A task force has reviewed the way Rhode Island pays for public schools and recommended some changes to Governor Gina Raimondo. The group met Thursday evening to finalize the report.
The panel was formed amid growing concerns that charter schools draw too much funding away from traditional public schools. RIPR's Elisabeth Harrison reviewed a draft of the report and spoke with Morning Edition Host Chuck Hinman about some of the highlights.
C: So what did this working group conclude about school funding in Rhode Island – are there inequities in the way the state is funding public schools and charter schools?

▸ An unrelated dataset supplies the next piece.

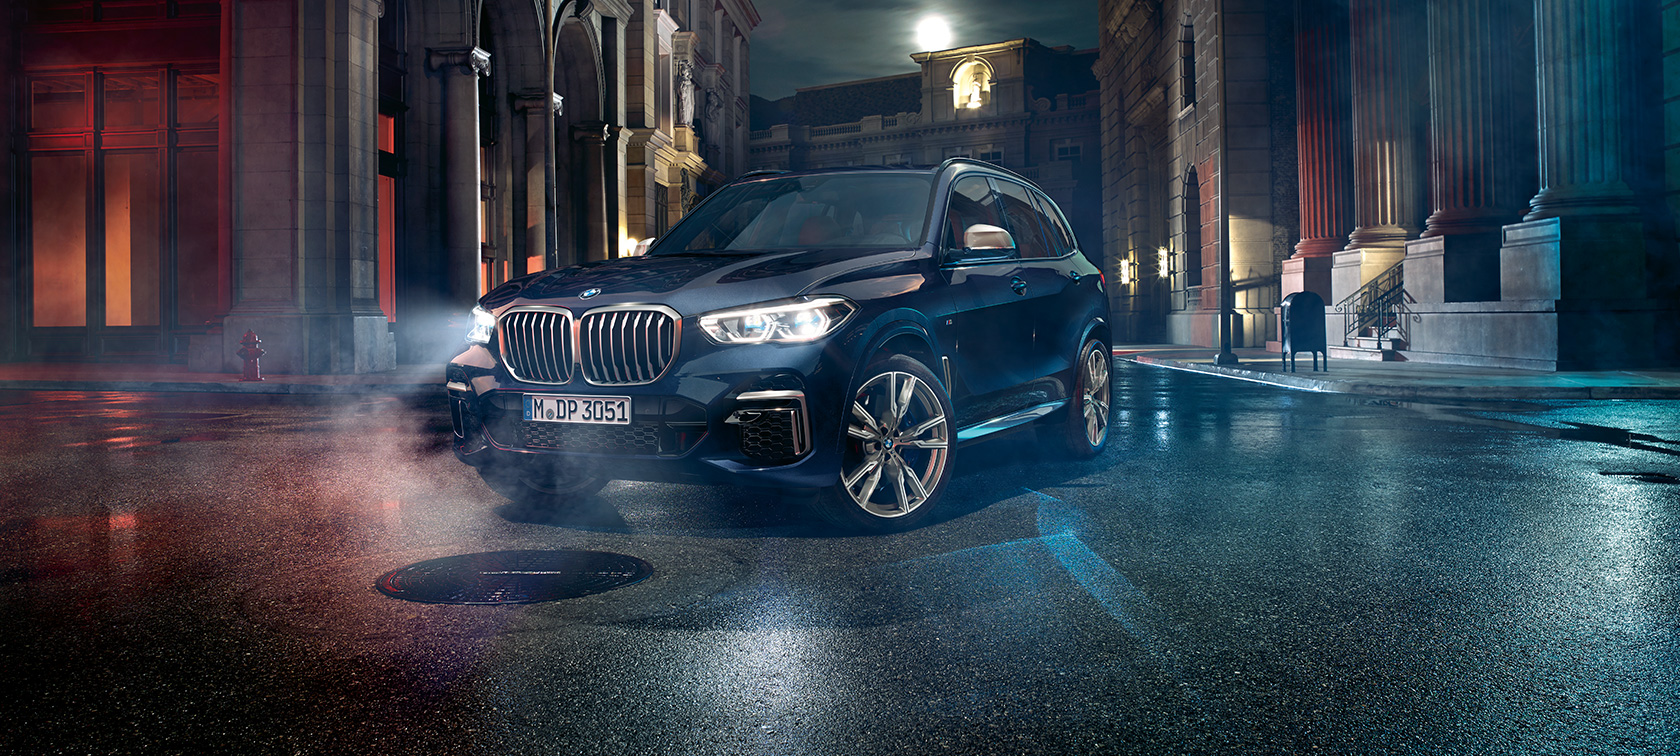 BMW X5 M50i and M50d G05 2018 SUV Carbon black metallic three-quarter front view
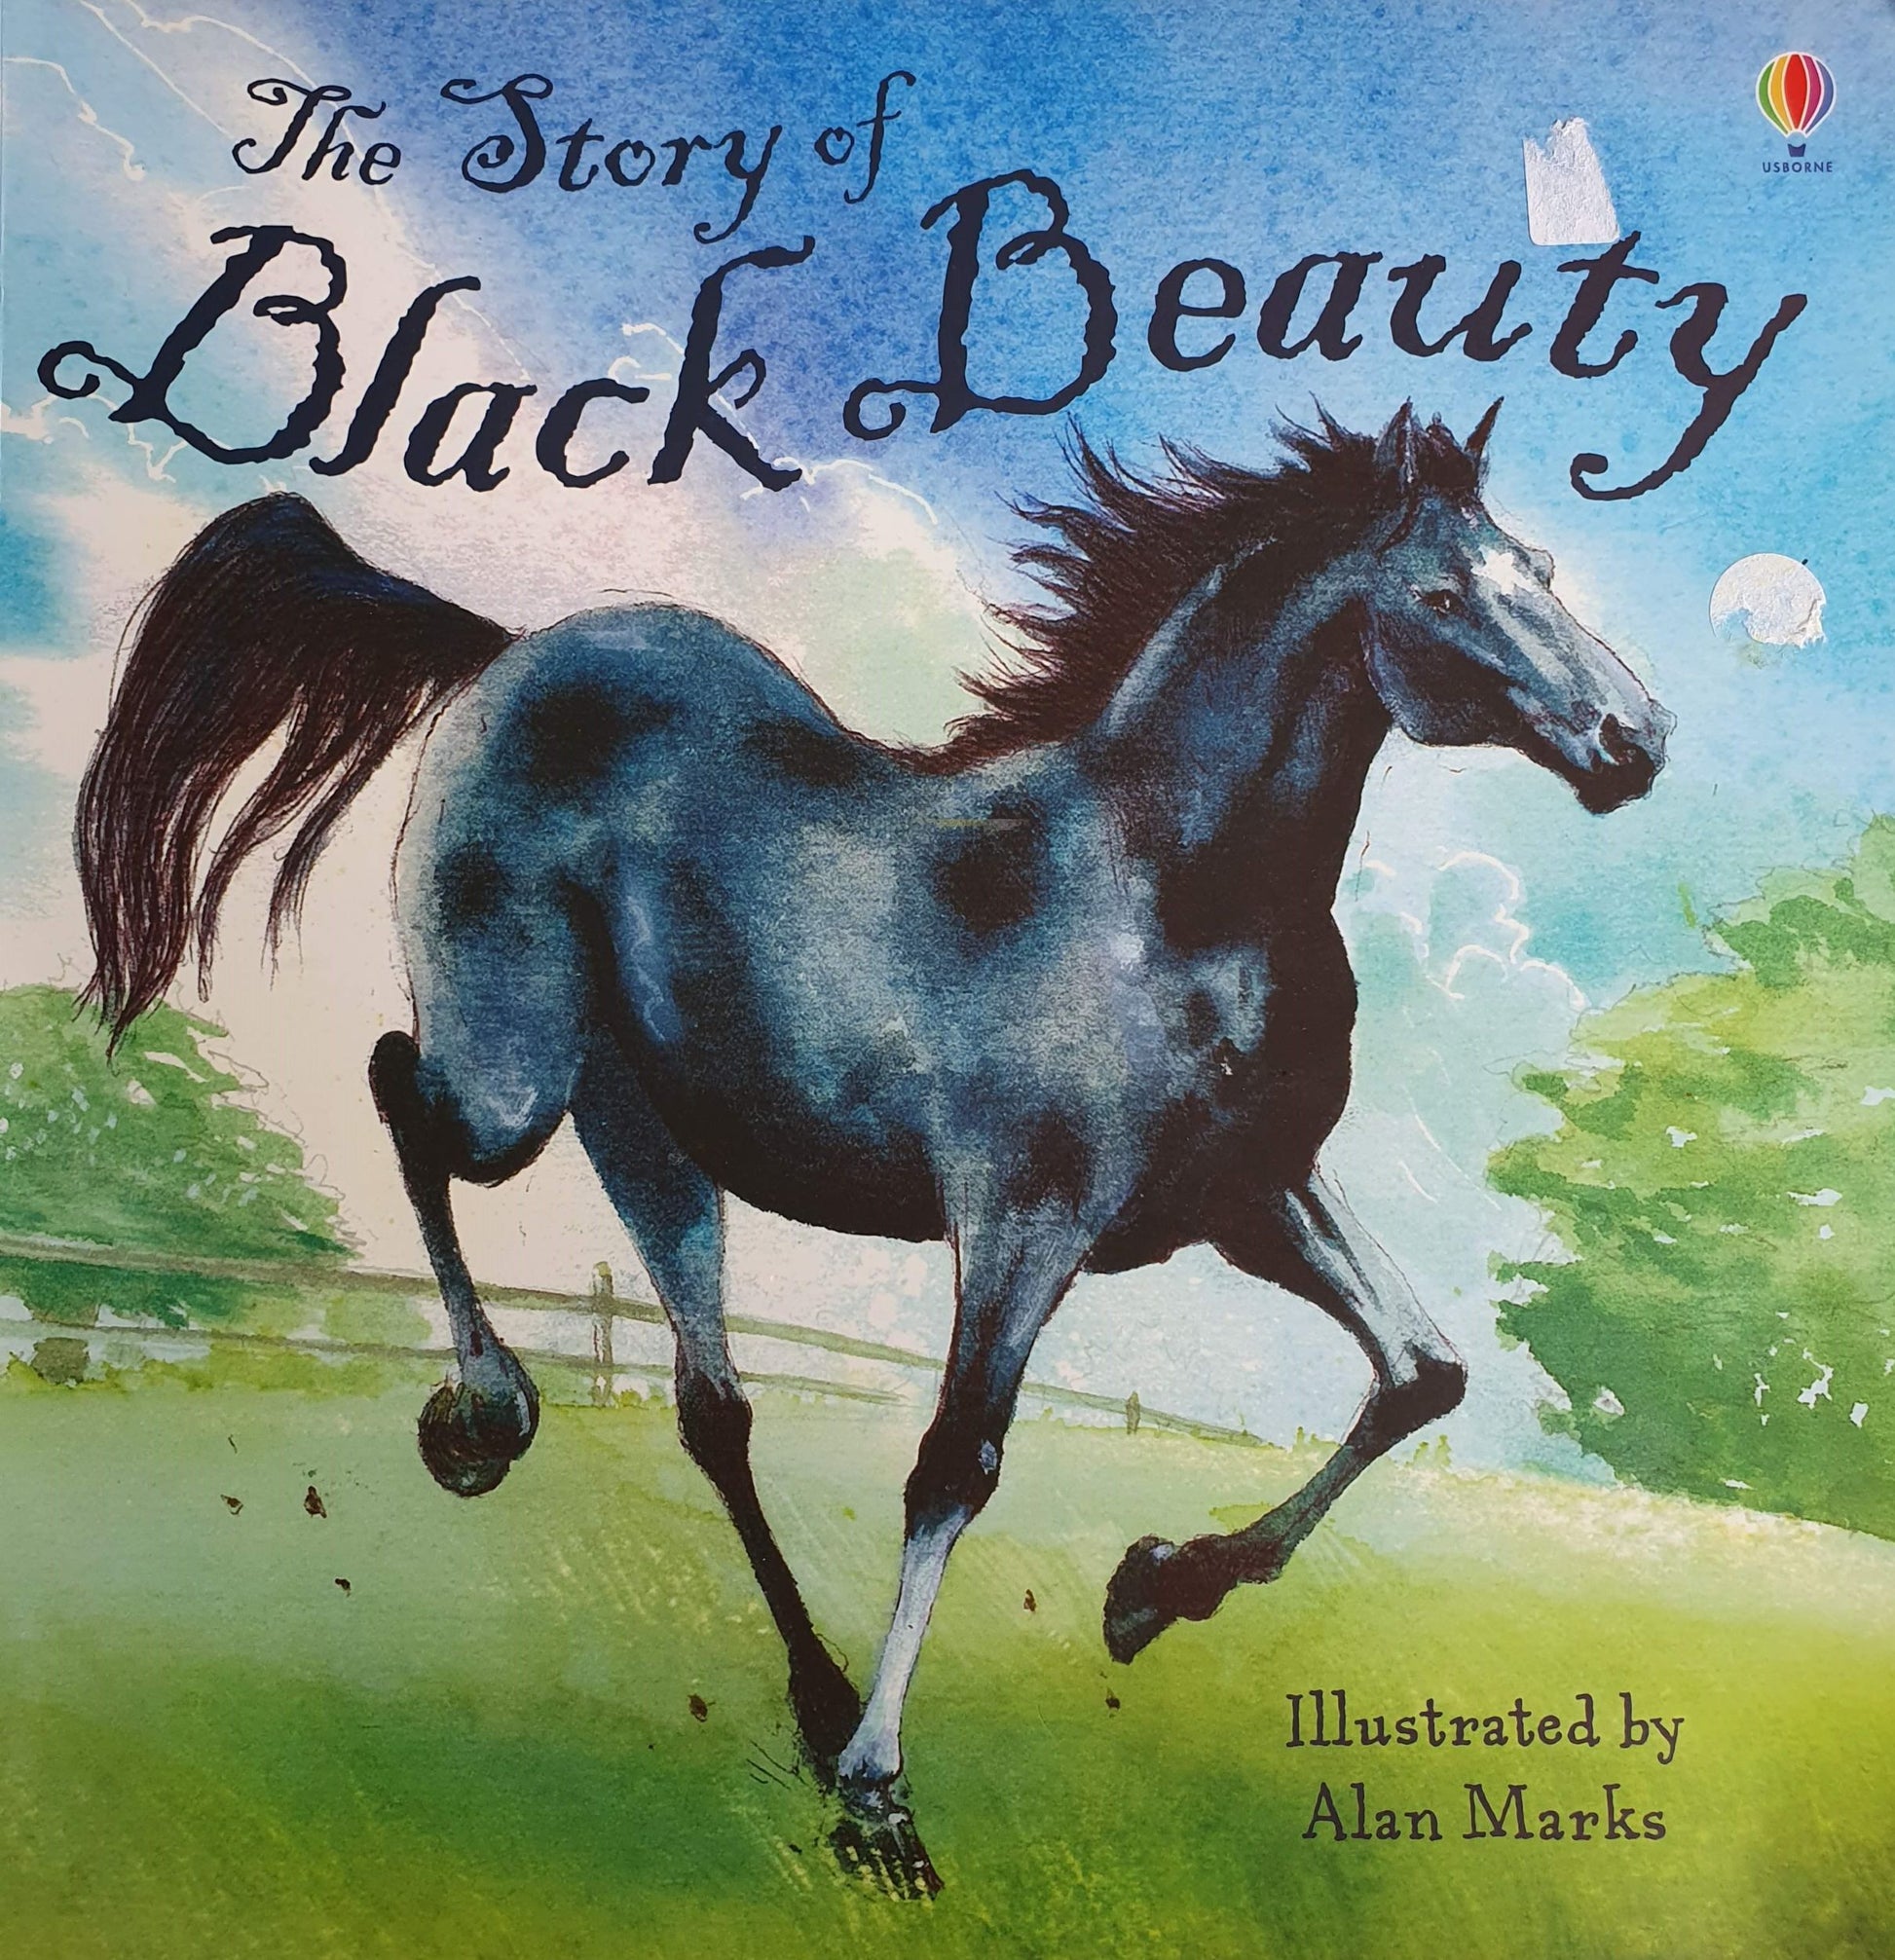 The story of black beauty Like New Classics  (4603217379383)

E: The short answer is yes. The working group’s report points out that some students are more expensive to educate, specifically students who are still learning English and students who need special education services. The group is recommending that the state consider providing more money for students who need those services. And that would help school districts in particular because the reality is that they are much more likely to be serving the students with the most severe disabilities, like those who are placed in special facilities.
C: But what about this question of whether charter schools are getting more than their fair share of state funding?
E: The working group is careful to say that charter schools have some costs that traditional public schools typically do not, while traditional public schools have costs that charter schools do not. When it comes to the charter schools, that generally means building costs, because they don’t have a city or town to provide buildings or bond for maintenance. In the case of traditional public schools, those extra costs come from a number of areas. The most expensive is out-of-district placements for students with severe disabilities. In Fiscal Year 2014 that amounted to $70 million statewide, according to the state Department of Education.
Other costs include retiree health benefits and screenings for preschool children, which help identify learning disabilities, hearing problems and things like that, so students can get help. When you add up the numbers from RIDE, at least as they are listed in the draft report, it all comes down to a little more than $350 more per student on average for a traditional public school compared with a charter school.
C: So what does the working group recommend doing to make funding more fair?
E: Well, the working group does not recommend a complete re-write of the state formula for distributing funding for school districts, but it does recommends revisions to address some of these issue. As far as what specifically those revisions should look like, well that’s not in the report. It will be up to the Governor to decide what goes into her budget proposal -- which is expected at the start of next month -- and what legislation is proposed based on these recommendations. Remember, this working group was convened as recently as last October. It includes more than two dozen people, who met only about 8 times. Hours of work went into the report, but clearly there will be much more work to come.